Narrowband UVB light therapy may be more effective than broadband UVB therapy and has replaced broadband therapy in many settings. It is typically directed two or three times per week until the condition of the skin improves, and then rarely for supportive maintenance. However, narrow-band UV-B phototherapy can cause more severe and prolonged burns.
Psoralen plus ultraviolet A (PUVA).
This treatment of psoriasis involves taking photosensitive drugs (psoralen) before exposure to UVA light. UVA light penetrates the skin deeper than UVB light, and psoralen makes the skin more susceptible to UVA.

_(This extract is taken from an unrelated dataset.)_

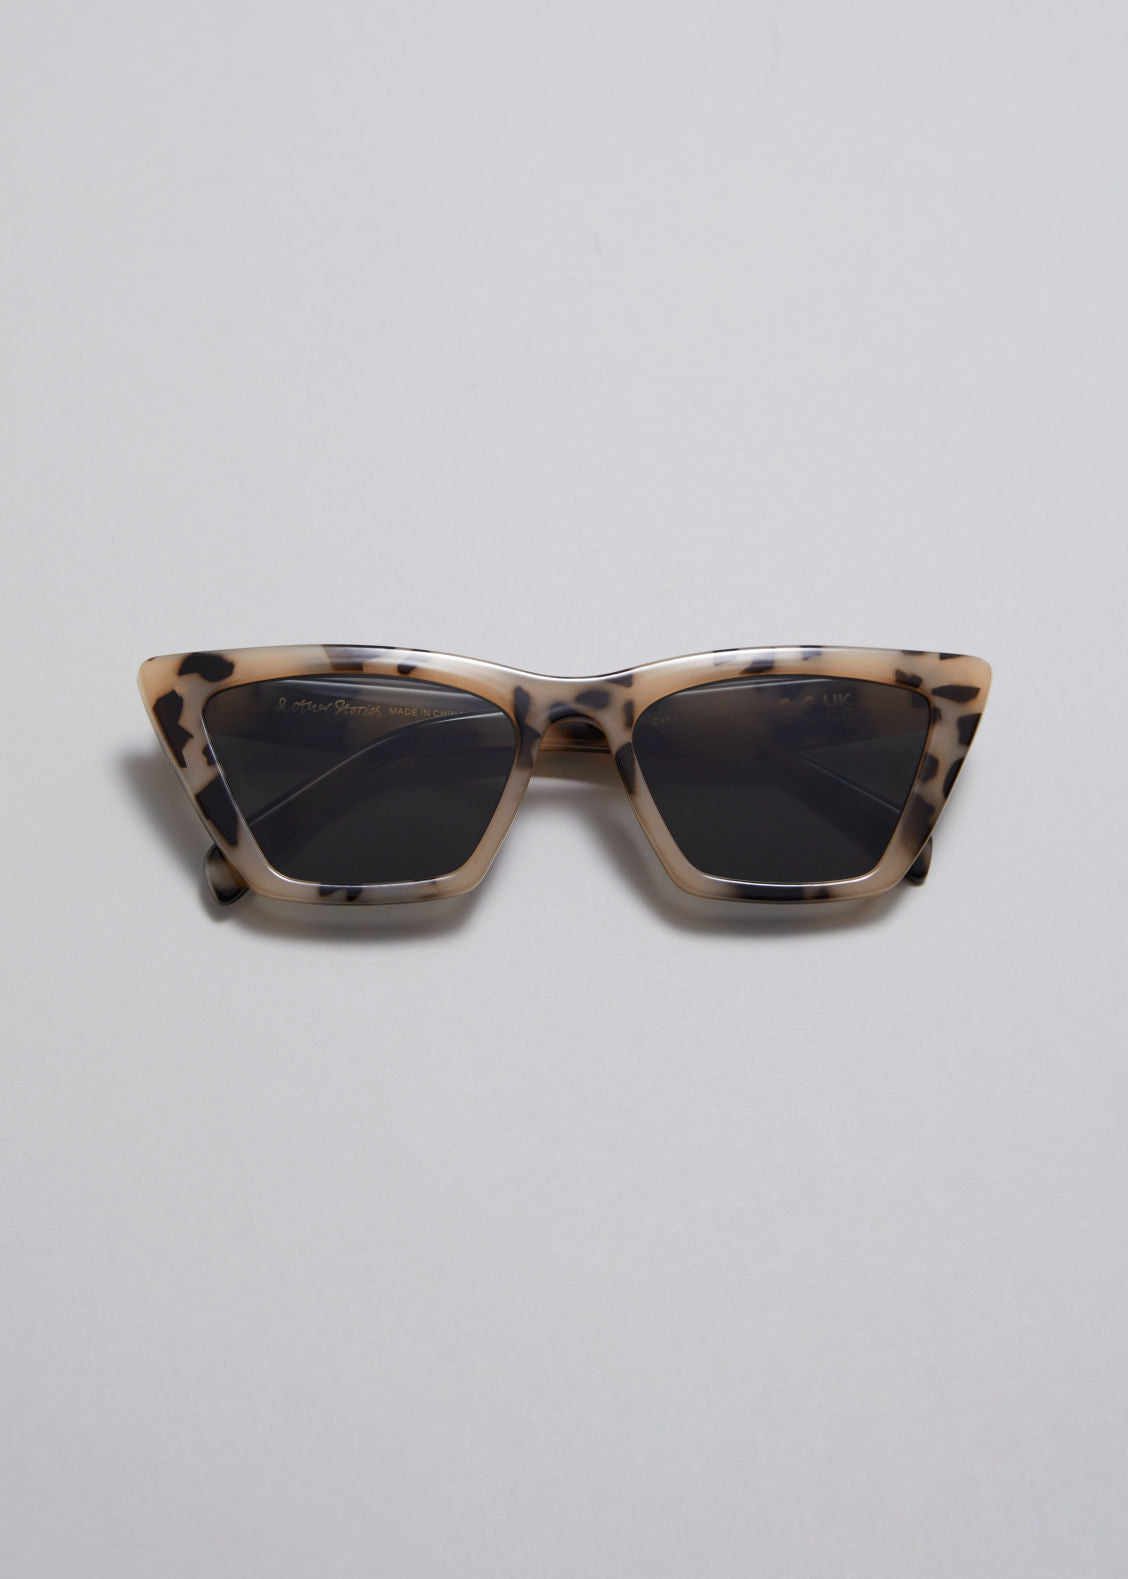 Angular cat eye sunglasses

This more aggressive psoriasis treatment permanently improves the skin’s condition and is often used in more severe disease cases. There are some known short-term side effects listed below:
Long-term side effects include dry and wrinkled skin, freckles, increased sensitivity to the sun, and an increased risk of skin cancer, including melanoma.
Intense UVB light is only aimed at the affected skin for this light therapy. Excimer laser therapy requires fewer sessions than traditional phototherapy because it uses stronger UVB light. The most common side effects are redness and blistering.
Oral or injected medications for the treatment of psoriasis
If you are suffering from moderate to severe forms of psoriasis or if other treatments for psoriasis have not worked, your doctor may prescribe either oral or injectable (systemic) medications. Due to the potential for serious side effects, some of these medications are only used briefly and may be used alternately with other treatments for psoriasis.
If a few small, persistent psoriasis patches appear on your skin, your dermatologist may suggest injecting triamcinolone directly into the lesions.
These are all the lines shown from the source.